0. Write first

This time to share a classic ARTICLE on NLP text matching, the main idea is to use the idea of image recognition to solve the PROBLEM of NLP text matching, after all, the development of computer vision technology at that time was extremely rapid.

Personal experience:

  1. The text matching problem can be transformed into a binary classification problem, and the output probability is similarity
  2. In this paper, the idea of image recognition is applied to text matching task, and text features are extracted by convolution

Thesis Address:

Arxiv.org/pdf/1602.06…

1. The background

Text matching is widely used in search engines, question answering systems, information flow related article recommendations and other scenarios, in order to find the text similar to or related to the target text in the text library. The TextMathcing model introduced in this paper is an end-to-end text matching method, which introduces the solution idea of image recognition task in the field of computer vision into the text matching model. Let’s take a look at how the author designed and implemented it.

2. Model architecture

The TextMatching model architecture is shown below.

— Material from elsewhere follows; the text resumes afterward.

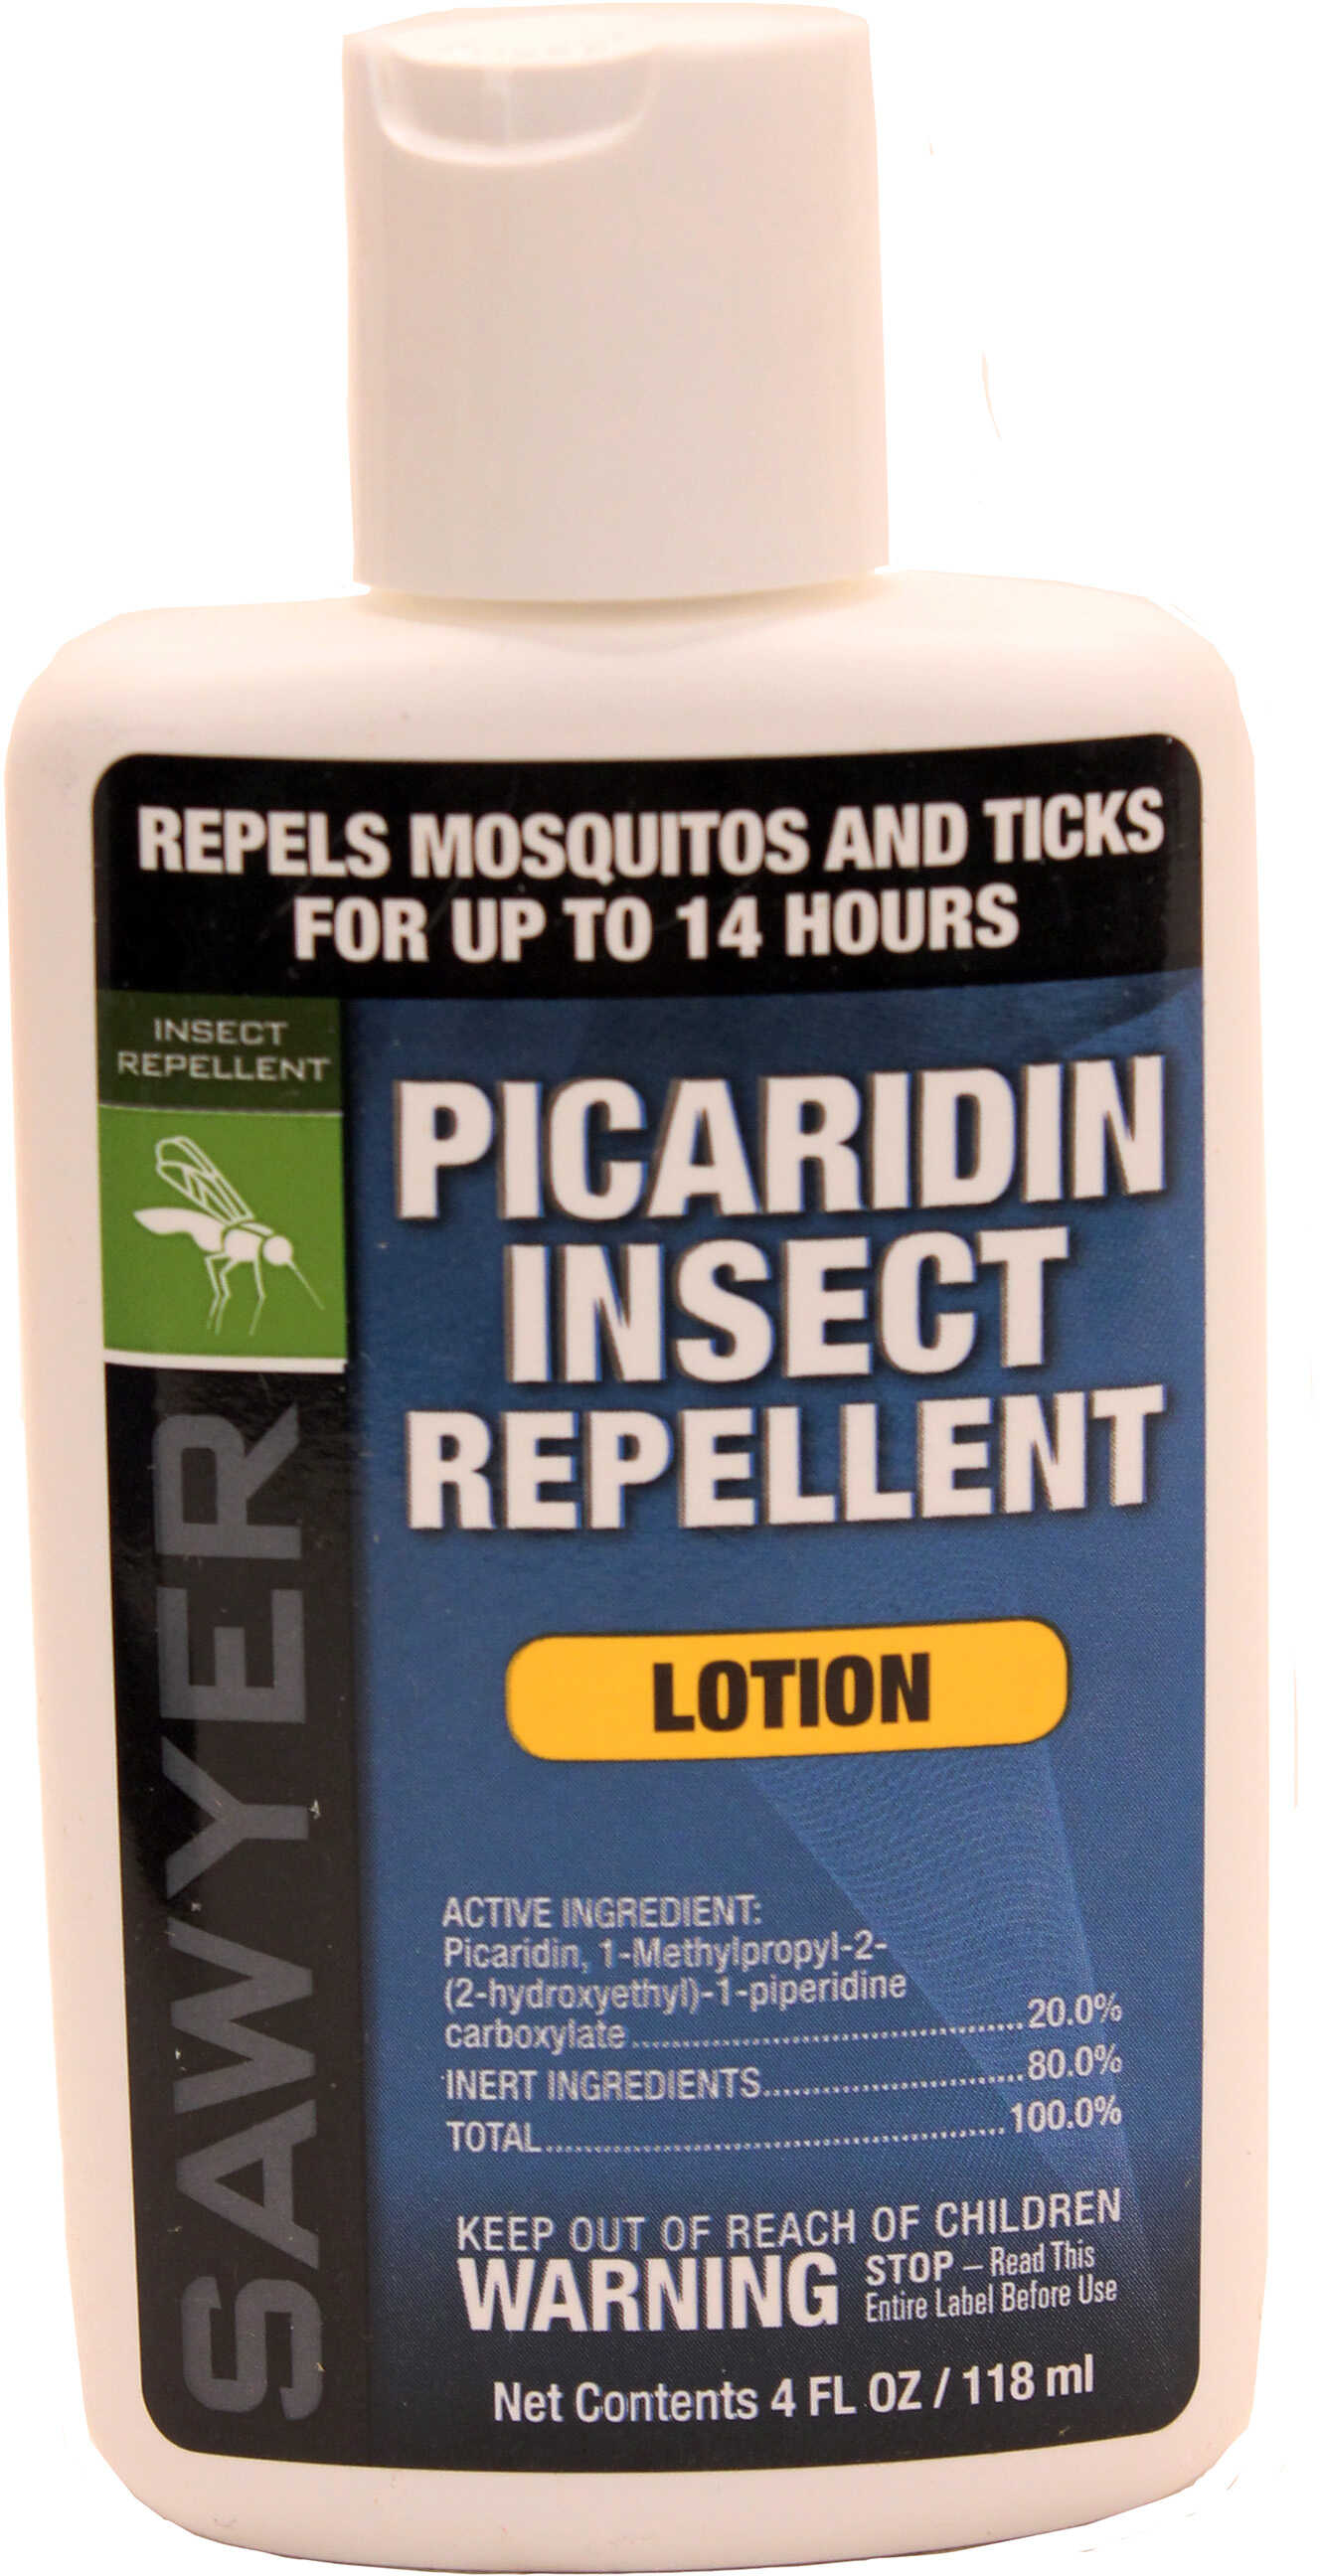 Sawyer Products INSECT Repellent PICARIDAN FISHERMANS Form 4Oz

We broke down the model architecture into the following steps:

  1. Text embedded in this paper, the method first, word vector model are used to get the text embedding vector of each word or sentence, this step is also very general steps, the current mainstream word vector model for word2vec/fastText/glove/Bert, etc., this paper selects the glove.

  2. The similarity matrix is calculated for the cross product of the matched text (specifically, it is a two-dimensional array, and each dimension is the embedding vector of each word in the text), and the similarity score between each word is obtained. If two texts are composed of M and N words respectively, then the size of the similarity matrix is M*N. The author provides three methods to calculate the similarity score between words:

    A. 0-1: The corresponding word is 1. Otherwise, the value is 0. The disadvantage of this method is that it cannot capture semantic matching relation between similar words.

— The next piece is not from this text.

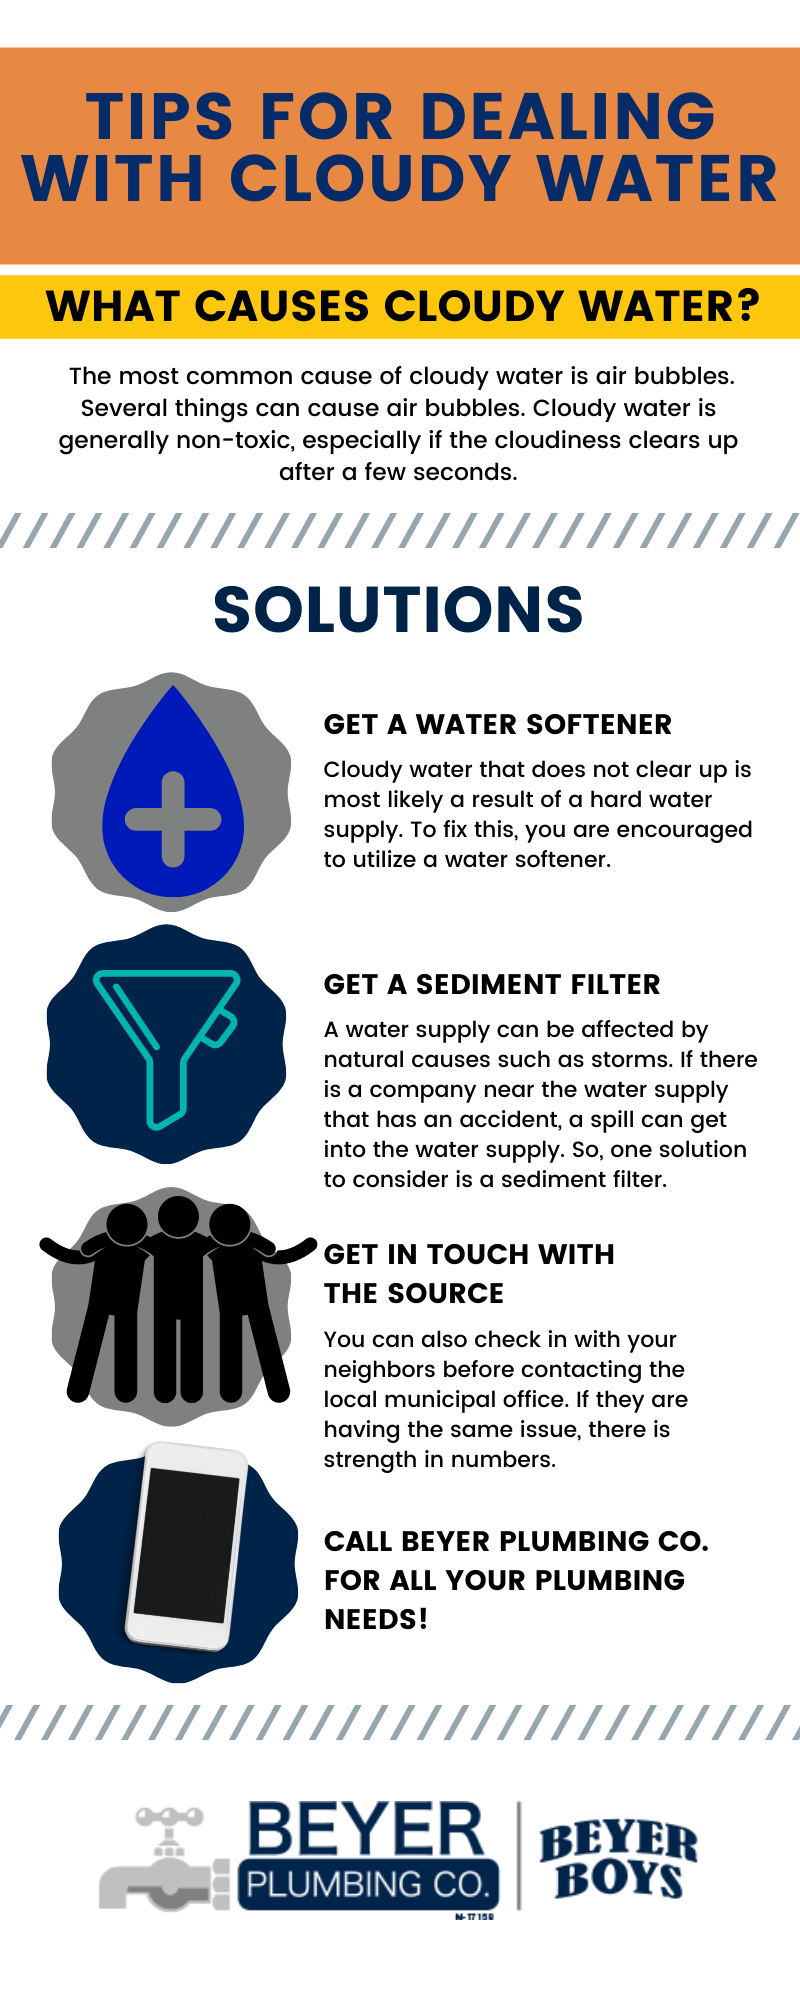 Tips for Cloudy Water

    There are many similarities between cosine and cosine

    C. the dot product

    Through the experiment, scheme 3 has the best effect.

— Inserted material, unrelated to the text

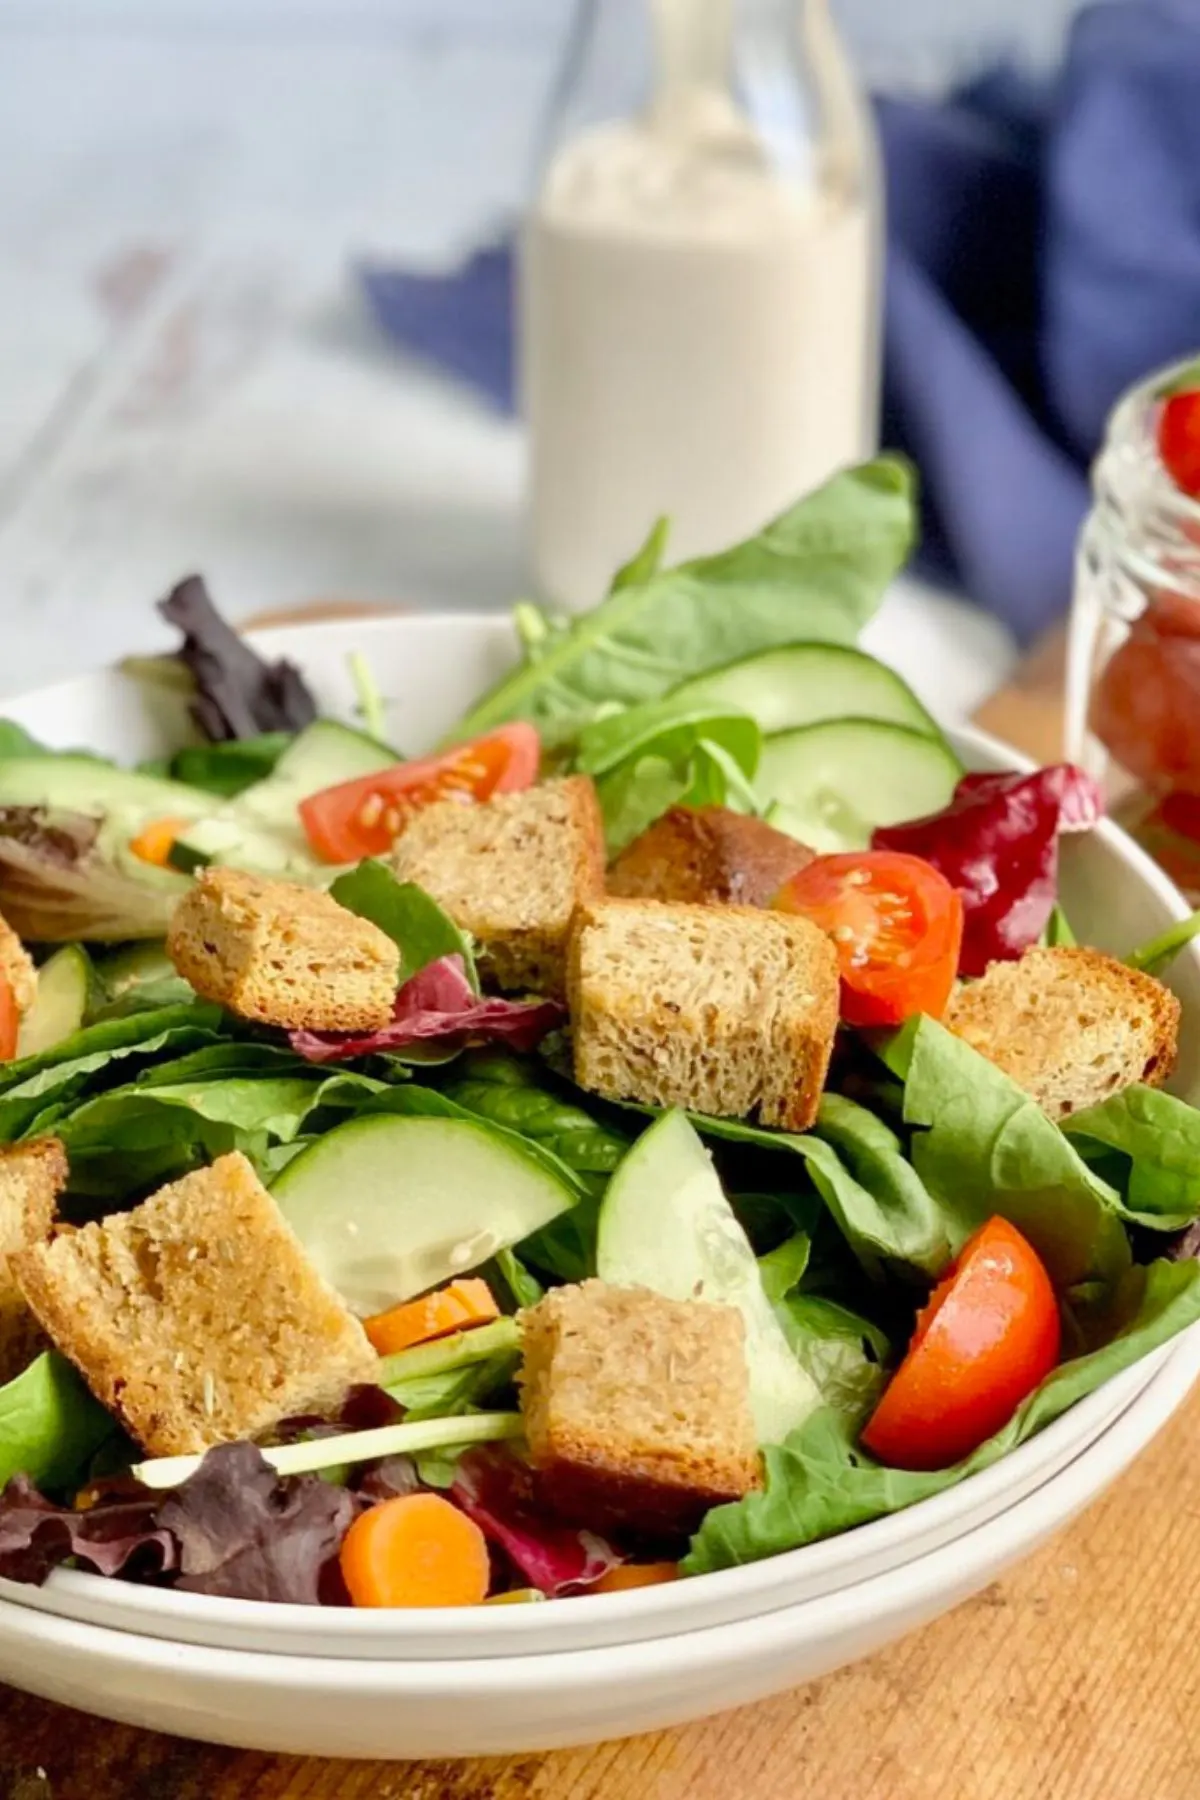 A gluten and dairy free salad with homemade gluten and dairy free croutons on top.

  3. CNN feature extraction

    Why the idea of this paper is to do text matching like image recognition? The key step is that the author uses CNN convolution layer commonly used in image recognition to extract text features. TextMatching model uses two layers of CNN to extract features from similarity matrix. It should be noted that the size of text similarity matrix generated by different text pairs is not consistent. In order to keep the size of feature map extracted by CNN consistent when it is input into the full connection layer, the author uses a layer of dynamic pooling layer after the first layer CNN to dynamically adjust the size of feature map.

  4. The connection layer

    After extracting features by CNN, TextMatching sends features into two full-connection layers, and then softMax gets model inference results. The output probability value can be considered as the matching degree of text pairs.

3. Model evaluation

The author compares the model in this paper with other mainstream TextMatching models, and it can be seen that the effect of TextMatching model proposed in this paper is better than the mainstream models at that time.

4. To summarize

This paper introduces a classic work of text matching. The idea is to introduce the image recognition method based on CNN into the text matching model to improve the text matching effect.